‘Tax assault’ on UK business

The Confederation of British Industry (CBI) has warned the Government that the country’s economic recovery is being put at risk by what they describe as Chancellor George Osborne’s ‘tax assault’ on UK business.

According to the new Director-General [DG] of the CBI, Carolyn Fairbairn, recent initiatives in Mr Osborne’s Budgets have placed a £9bn a year burden on UK businesses and economic growth could be threatened if the Chancellor increases the costs to business further in his Budget next month.

Speaking at the publication of the CBI’s official pre-budget submission, the DG claimed that the new National Living Wage and the apprenticeship levy, both of which come into effect in April, will have cost UK business £29bn by 2020.

While the group’s members say they can tolerate the existing burden, they have reached a tipping point on levies, which threatens investment decisions and growth plans.

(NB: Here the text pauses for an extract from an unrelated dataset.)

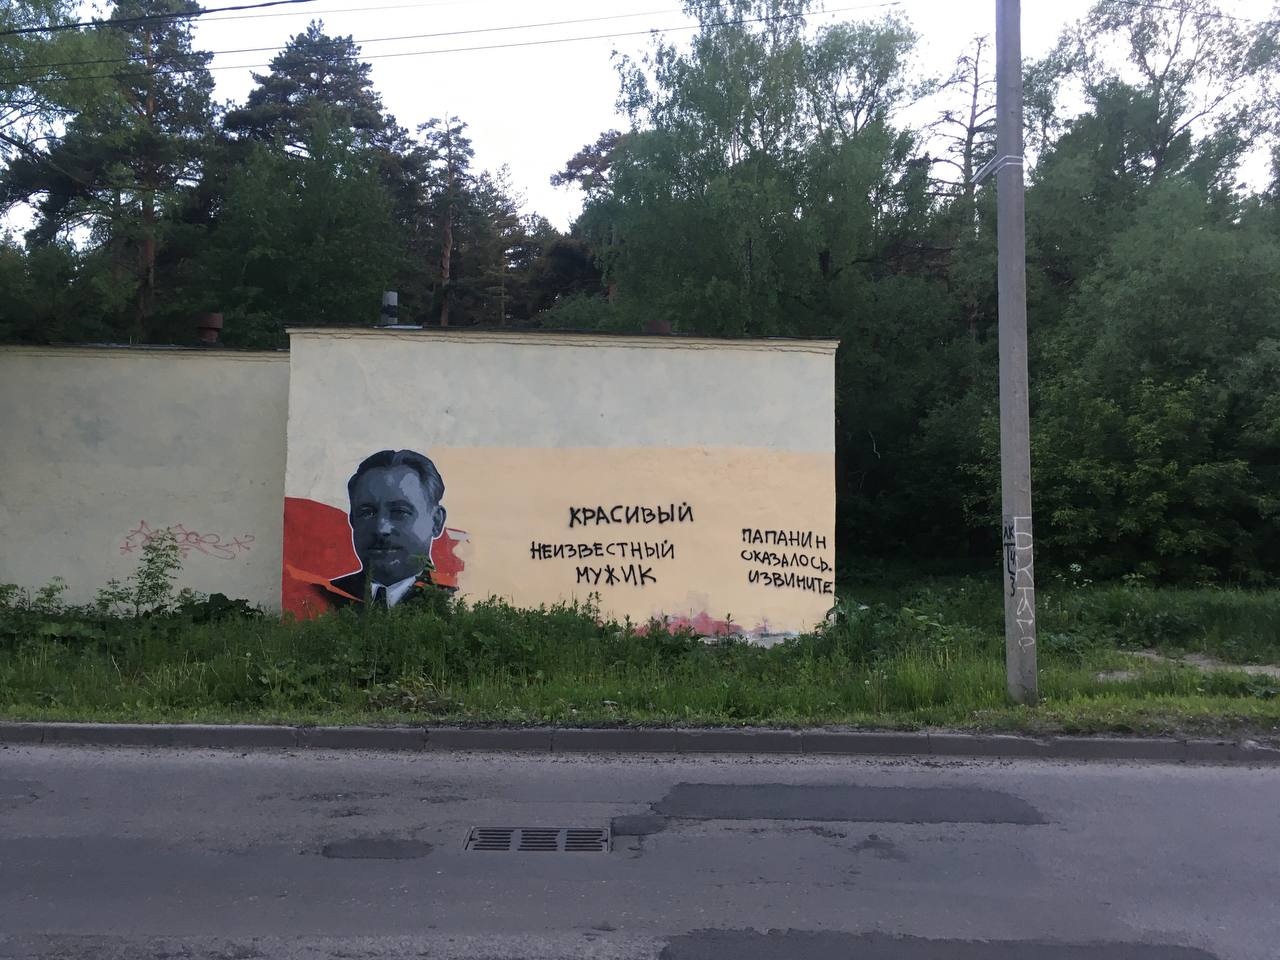 Испортивший граффити с Иваном Папаниным ярославец сам пришел в полицию

They are also concerned about the cost and impact of business rates, which the CBI believes should be reformed.

According to Ms Fairbairn, a reform to business rates would help regenerate town centres and also help to stimulate economic growth. She added that the CBI supports the Chancellor’s aim to reduce the deficit over the cycle, but believes that the best way to achieve this is to go for growth, to which a reform of business rates would contribute.

The business group also believes that more frequent valuations of commercial premises would be a big step forward and called on the Government to rate properties using the consumer prices measure of inflation rather than the retail prices index (RPI), which is no longer considered an official statistic. Meanwhile, it wants the UK’s smallest businesses to be exempt from the tax altogether.